“Remember when I said I was thinking about getting into psychology?” he asks me.
I’m not even half listening because I’m trying so hard to get out of the tape. I don’t care if Easton sees anymore, but his back is to me while he focuses on Miles.
“I told you about how quickly, and sometimes slowly, the world of psychology changes. I did my final paper in my psych course on antiquated treatments in the psychological field. Less than seventy years ago, you know what they used as a treatment for insanity? They would lobotomize people.” He turns to me and grins again. “Hey! Also for homosexuality! Fun fact, huh?”
He stands and takes a few steps back. The tape sticks tight around my knuckles as I try to pull my hand free.
“Now, for the first lobotomies, what they’d do is drill holes into the skull at certain points of the frontal cortex....” He points to several spots on his own skull using the ice pick. “Then they’d inject ethanol into the holes to burn away all those pesky little synapses that gavepeople their personalities, thoughts, feelings—basically everything that makes you a ‘functional’ human.” He uses rabbit-ear quotes around the wordfunctional.
“The problem with that is it’s messy. You’ve got all the bone dust and flesh and blood to deal with. And then the ethanol might accidentally burn away some motor skills and what have you. So they found a new way.”
Easton holds out his right fist in demonstration. In his left hand he holds up the ice pick.
“What they’d do is, they’d slip the end of a thin metal spike—” He drops his hands slightly to look at us. “It looked like an ice pick but wasn’t one. These were real doctors, so they had their own tools, but for all intents and purposes, it’s an ice pick.”
He holds his hands back up and I freeze. No longer pulling at my restraints as I realize what he’s telling me. My heart starts to race.
“So they take the ice pick and slide it right in...” He slips the ice pick between his fingers slowly. “Around the eyeball, into the socket.
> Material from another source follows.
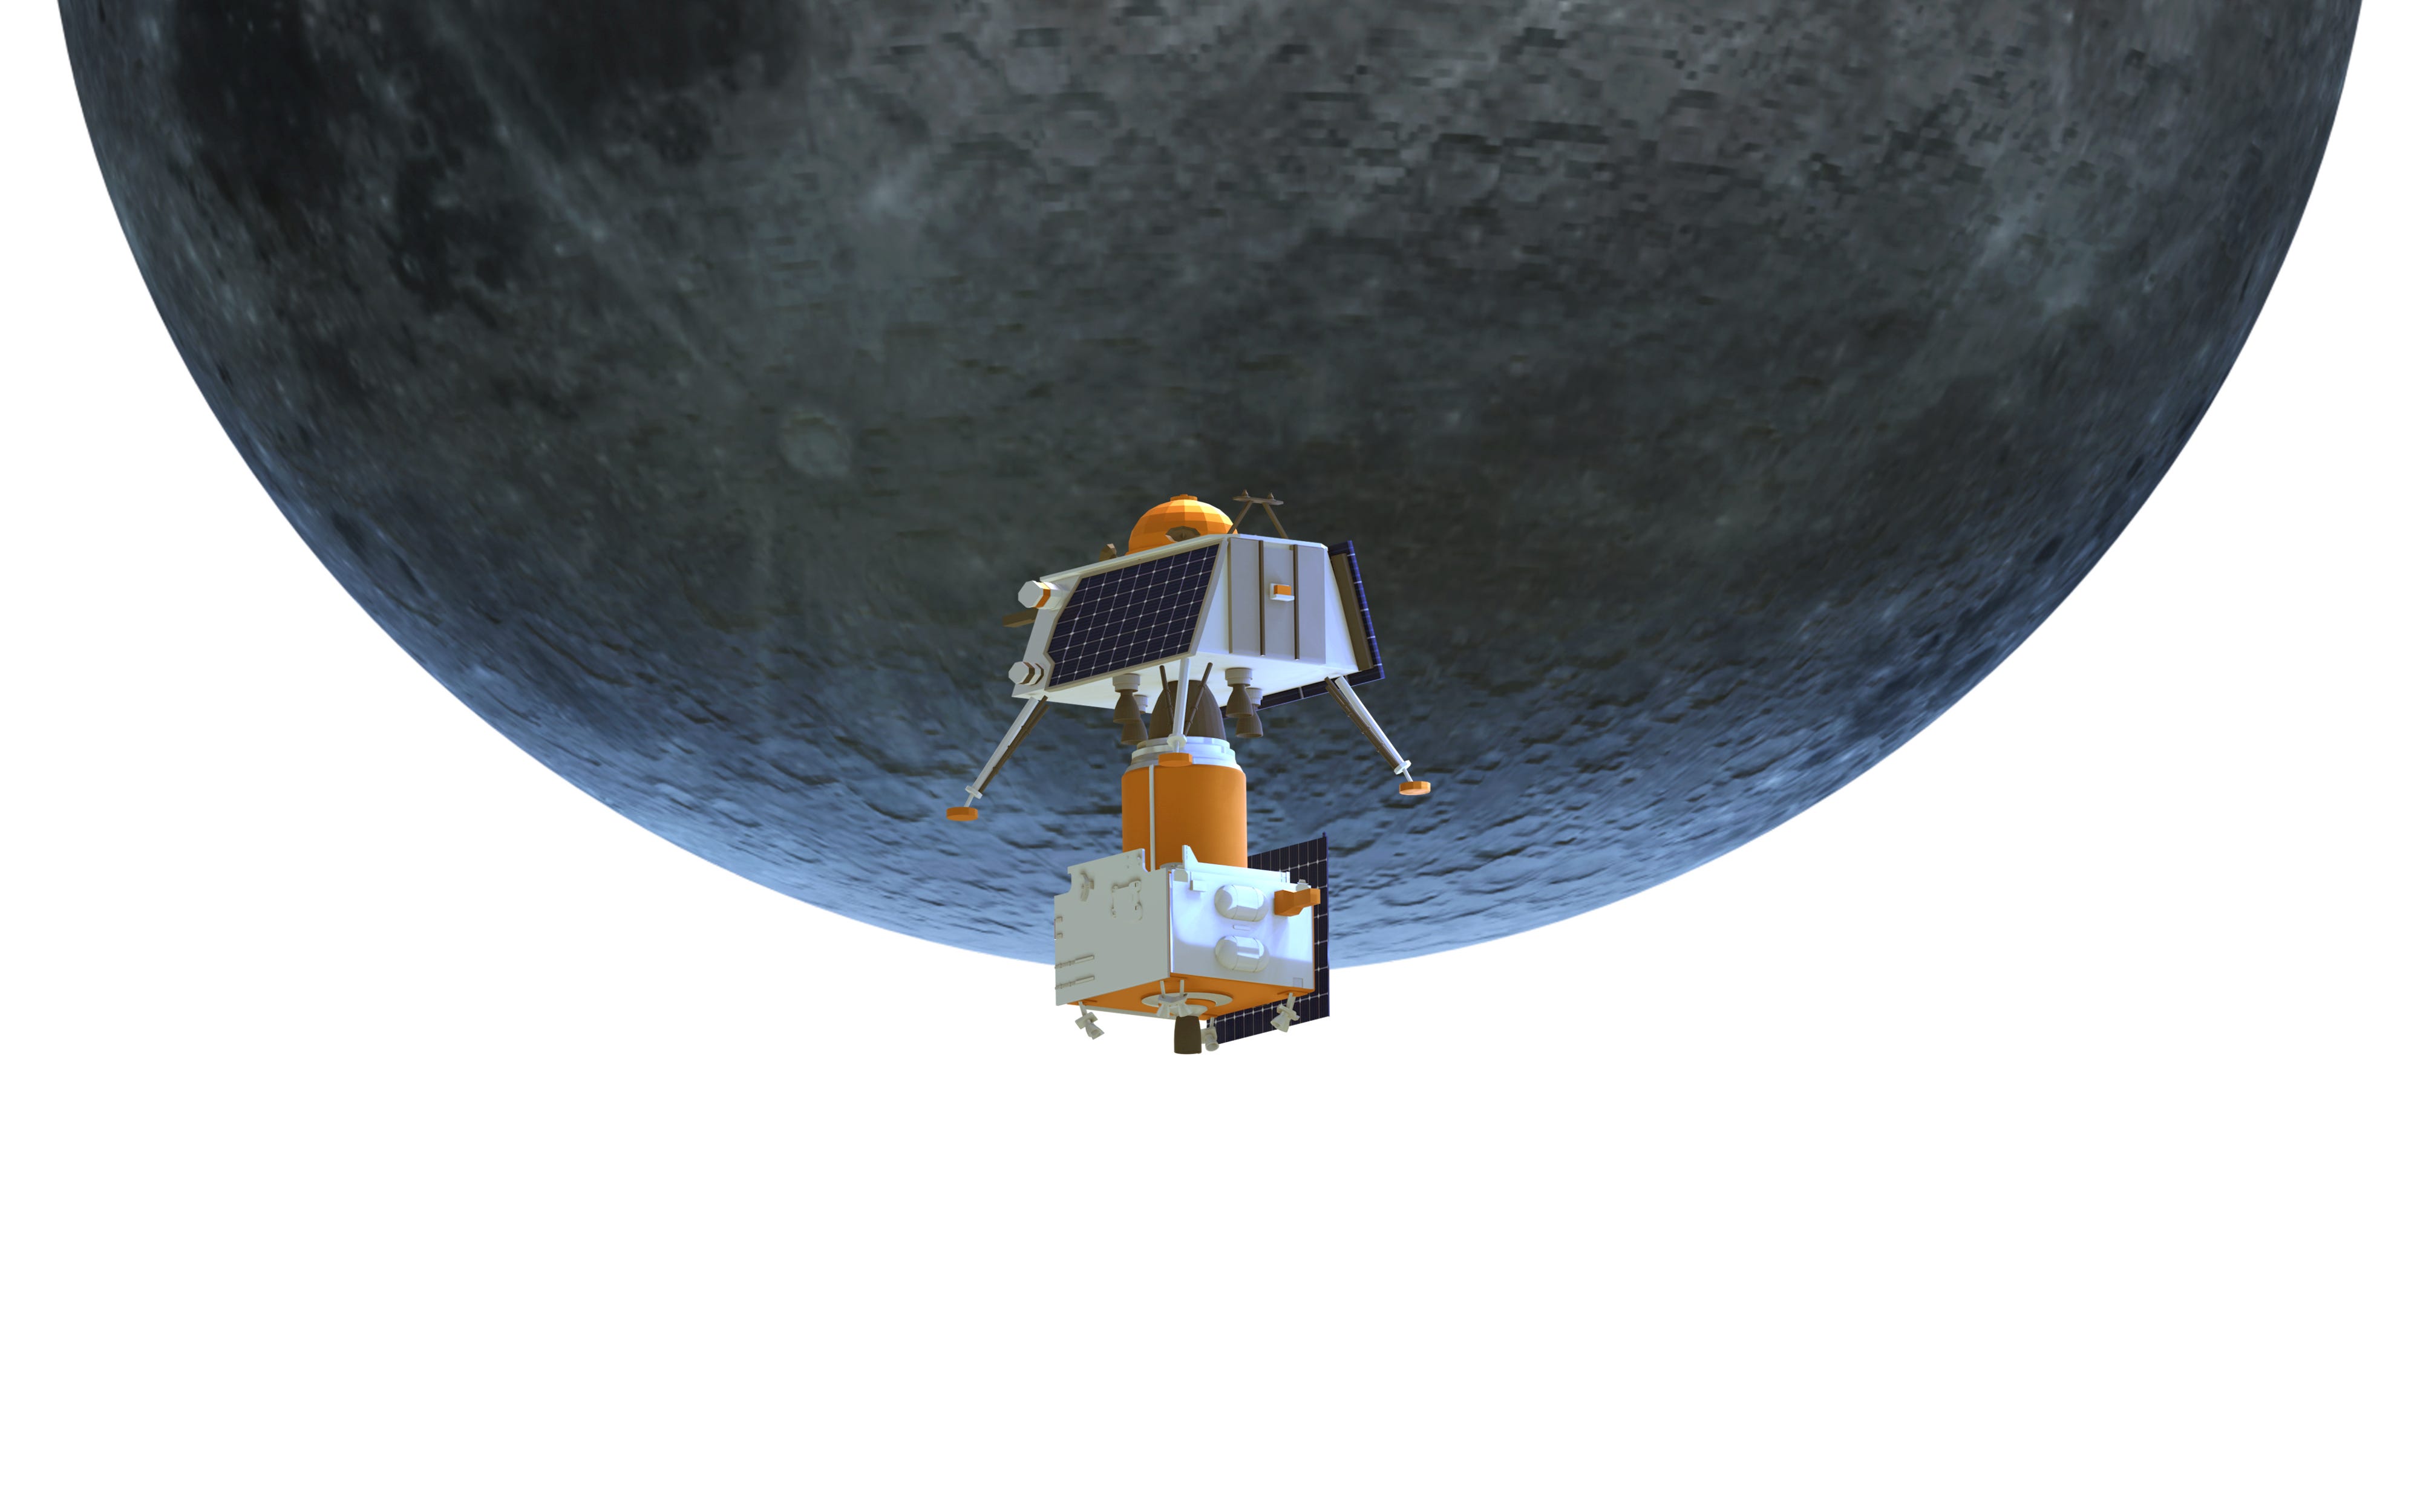 Homing moon. Чандраян 2 сфотографировал Аполлон 12 высокое качество. Moonlander Moon. Луна в Индии.

Then they’d go up...” He slides the ice pick and it slips out between his index and middle fingers. “To the underside of the skull. And they’d take a little hammer...”
Easton takes his left hand away from the ice pick and turns it into a fist.
“And tap!”
He uses his fist like the hammer and gives the base of the ice pick a tap. He clicks with his tongue as the edge of the pick slips farther between his fingers. Then he pulls it out with a flourish.
“And there you have it! No surgery, no blood or bone dust. And a nice little desensitized homosexual with no more desires, fears,worries, or real purpose in life. Or a desensitized woman, because that’s who psychologists chose to mutilate back then. Women and homosexuals. Which...”
He gestures at the three of us and laughs.
No. He can’t possibly be thinking about doing that.
No no no no no.
“Easton.” Valencia’s voice shakes. Across from me, Miles screams against the tape covering his mouth.
“Don’t worry, Mom. I’m killing you and Fake Nate.” He focuses on Miles. “But you, I just want to see what happens. Lobotomies went out of vogue in the fifties because people said they were ‘inhumane.’” Again, the fucking bunny air quotes. “But I’m curious to see what it does. I think it could really change your life.”
“No!” I scream. I pull my arms as hard as I can, straining every goddamned muscle in my body until my shoulder cramps.
“Yes.” Easton walks across the boathouse and grabs one of the chairs that he brought down from the deck and puts it in front of Miles. “Let’s see what the history of medicine can still do in the present, shall we?”
“Stop!” I yell. “He has nothing to do with this!”
Easton turns to me as he walks to the workbench and picks up a bottle of vodka. “Of course he does. You two started the investigation—which, by the way, I assume means he knew you weren’t Nate or that you told him. You really shouldn’t have done that. Then you’d have been right. He would have nothing to do with this. But as it stands...”
“Don’t do this, Easton, please!” Valencia says.
He uncaps the vodka bottle and pours it over the ice pick and hishands. “Even if I didn’t want to, he knows way too much. I can’t let him go.” He shrugs and looks back at Miles. “So think of it this way: You get to live. You just won’t be able to talk or tell anyone what you know. You’ll go off to a nice medical center to live, and when it’s time for me to do my clinicals, I’ll come visit you and see how you’re doing.”
Miles screams and screams under the tape. Tears stream down his face.
“None of that,” Easton says. He leans forward, reaching up to hold Miles’s head steady against the back of the chair. “Now, I don’t have a little hammer, so I think we’re just going to have to push harder than normal. You’d better hold still. I’ve never done this before.” He gives a rueful chuckle. “To be completely honest, I’m a bit nervous.”
Valencia is yelling at him to stop. I’m yelling at him to stop. Miles is squeezing his eyes shut and screaming behind his tape.
“This isn’t helpful, family!” Easton yells over us. I’m thrashing in the chair, trying to get loose to do something. Anything!
Easton reaches down with the thumb and forefinger on his right hand and pulls Miles’s eyelid open. He fights against him, and Easton sighs and leans back.